━━━ Records

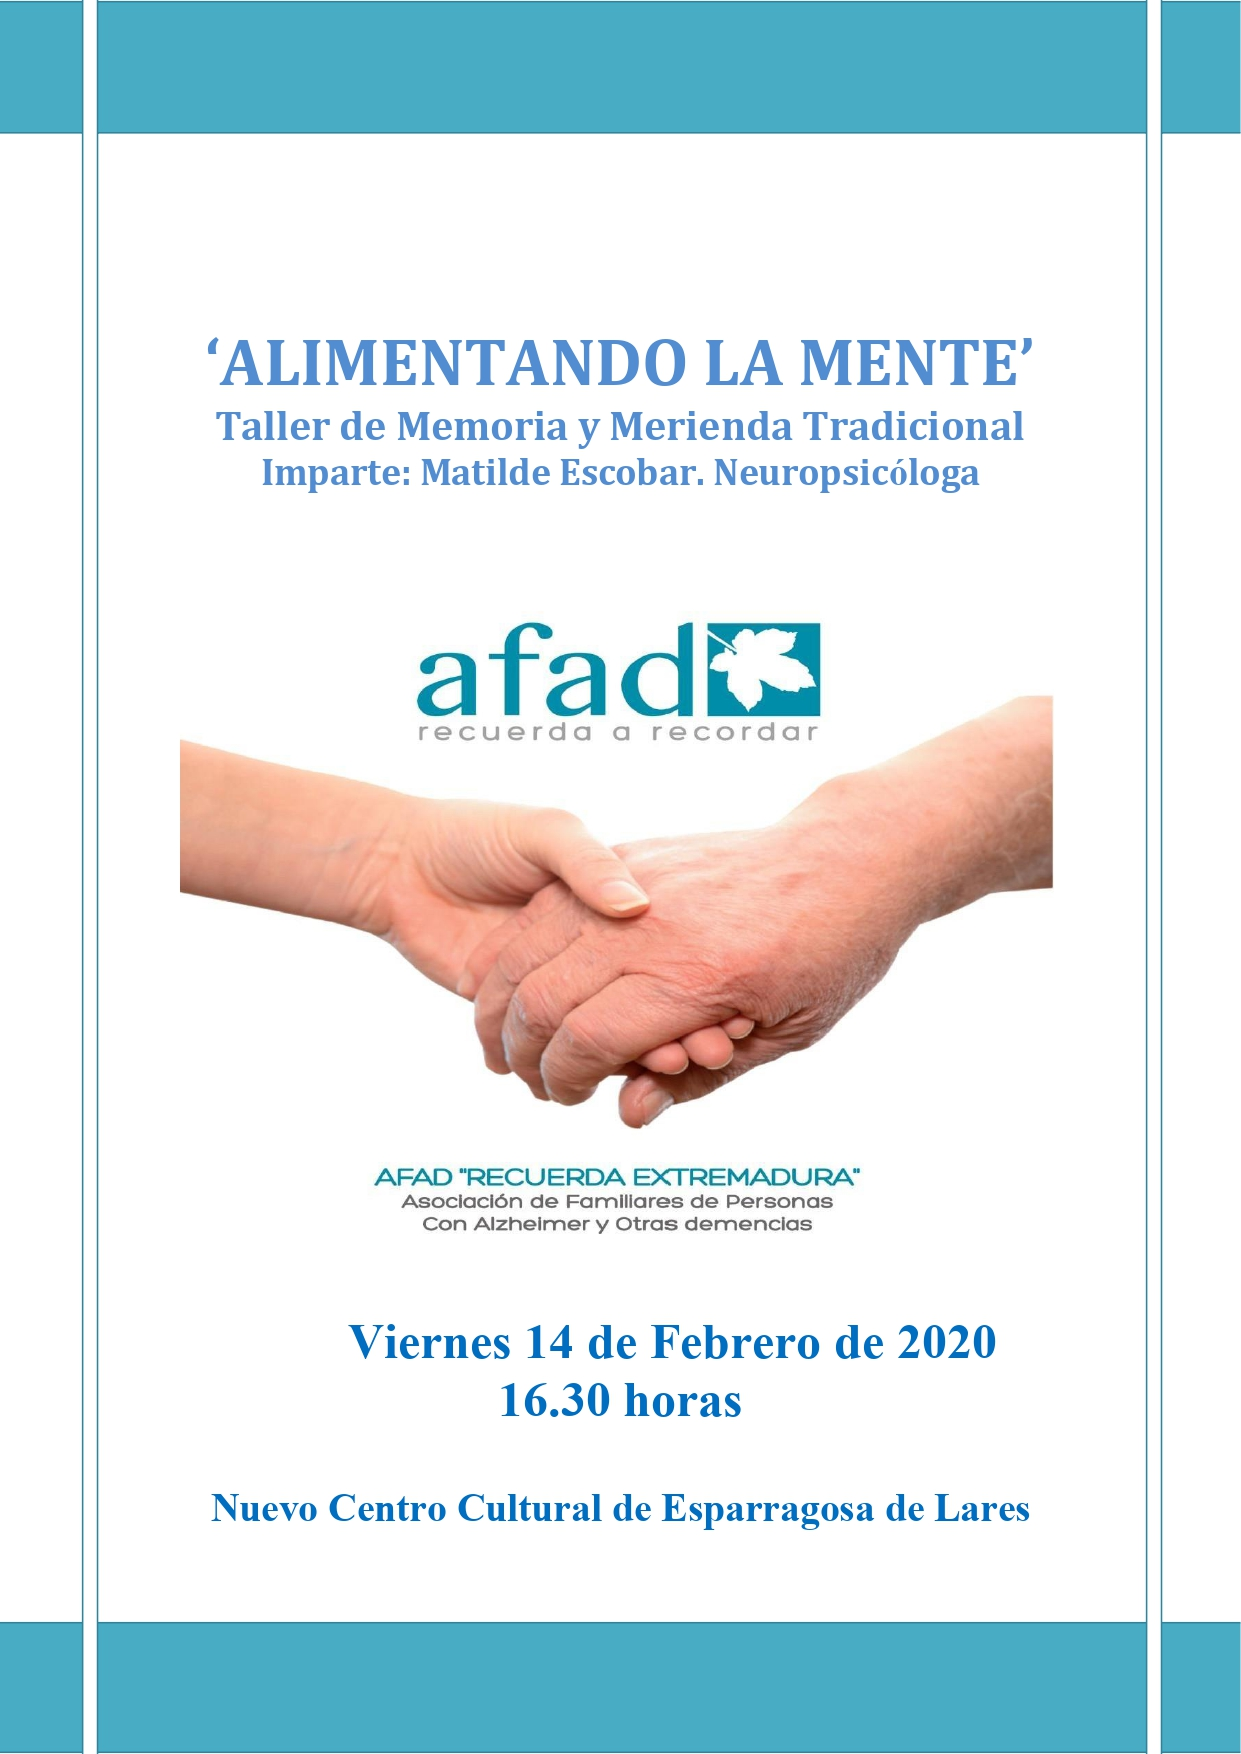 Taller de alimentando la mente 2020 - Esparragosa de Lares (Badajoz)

━━━━━━
━━━ Records

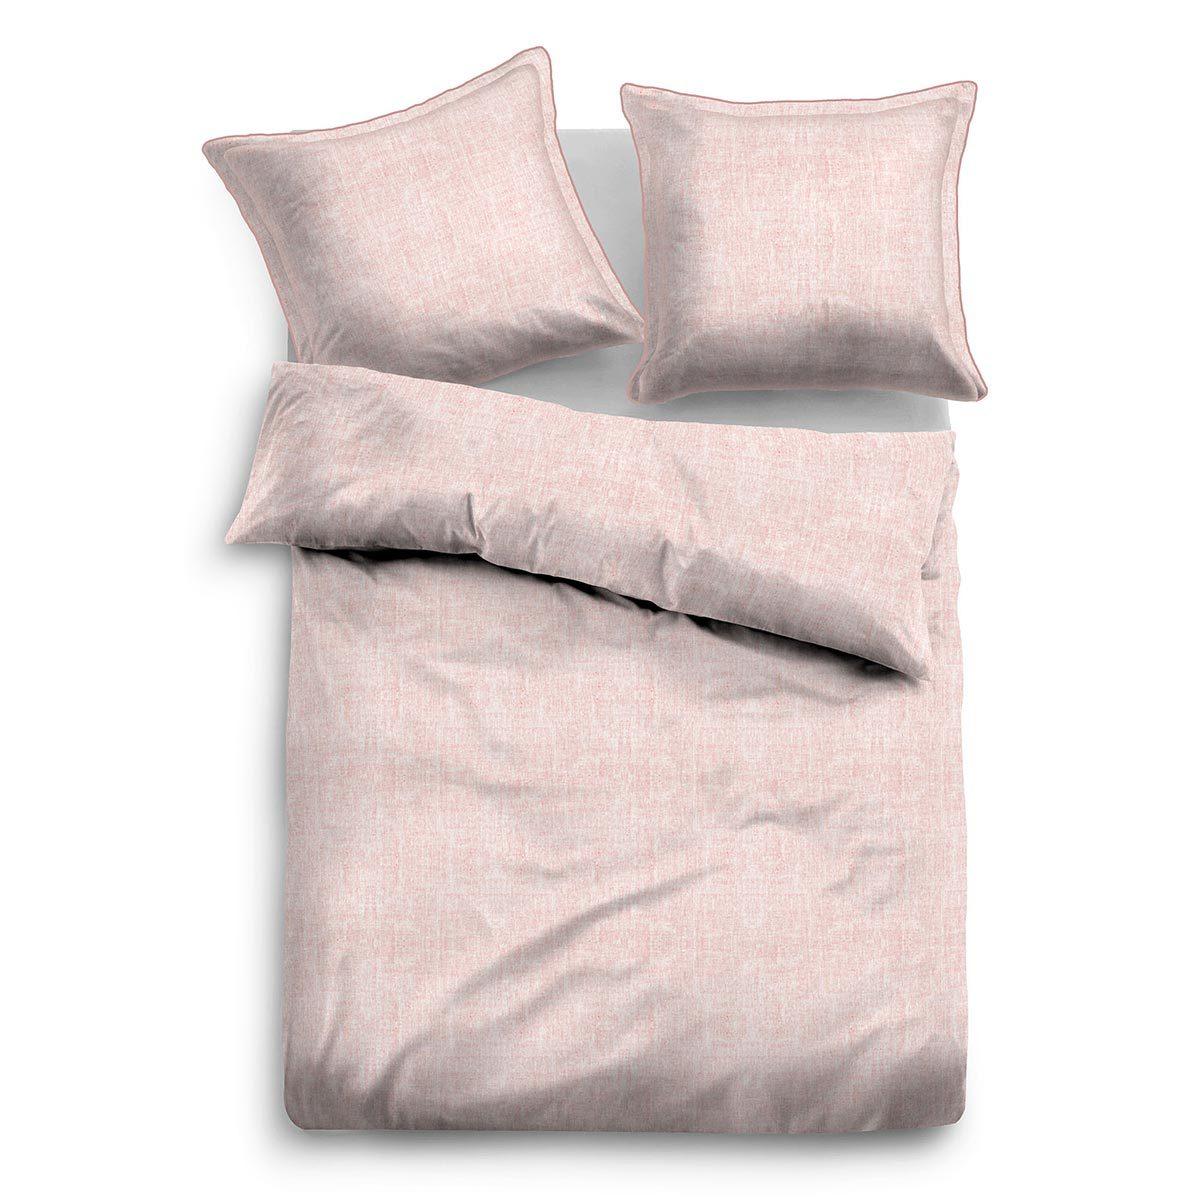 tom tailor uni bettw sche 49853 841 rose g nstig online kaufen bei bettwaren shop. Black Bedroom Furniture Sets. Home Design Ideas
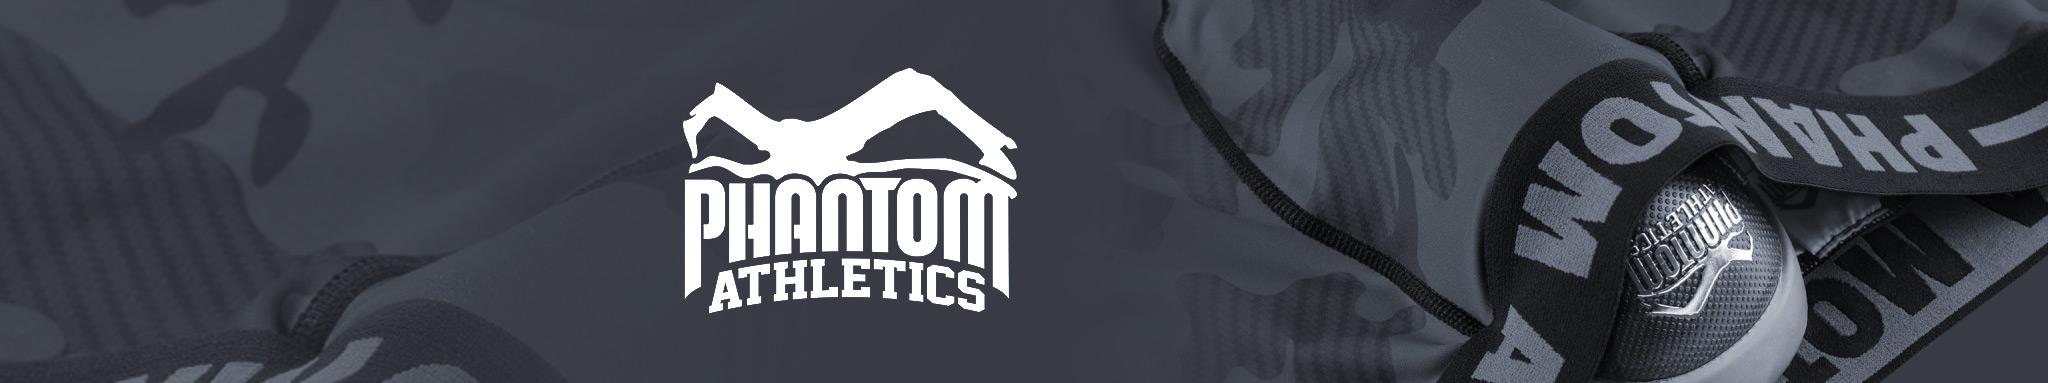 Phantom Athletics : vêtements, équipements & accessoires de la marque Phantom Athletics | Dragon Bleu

━━━━━━

--- Problem ---
Working from the entries above, reproduce exactly and only the lines beginning with the line that has "tom tailor uni" and ending with the line that has "Phantom Athletics : vêtements, équipements"; omit all pictures.

--- Task result ---
 tom tailor uni bettw sche 49853 841 rose g nstig online kaufen bei bettwaren shop. Black Bedroom Furniture Sets. Home Design Ideas
 Phantom Athletics : vêtements, équipements & accessoires de la marque Phantom Athletics | Dragon Bleu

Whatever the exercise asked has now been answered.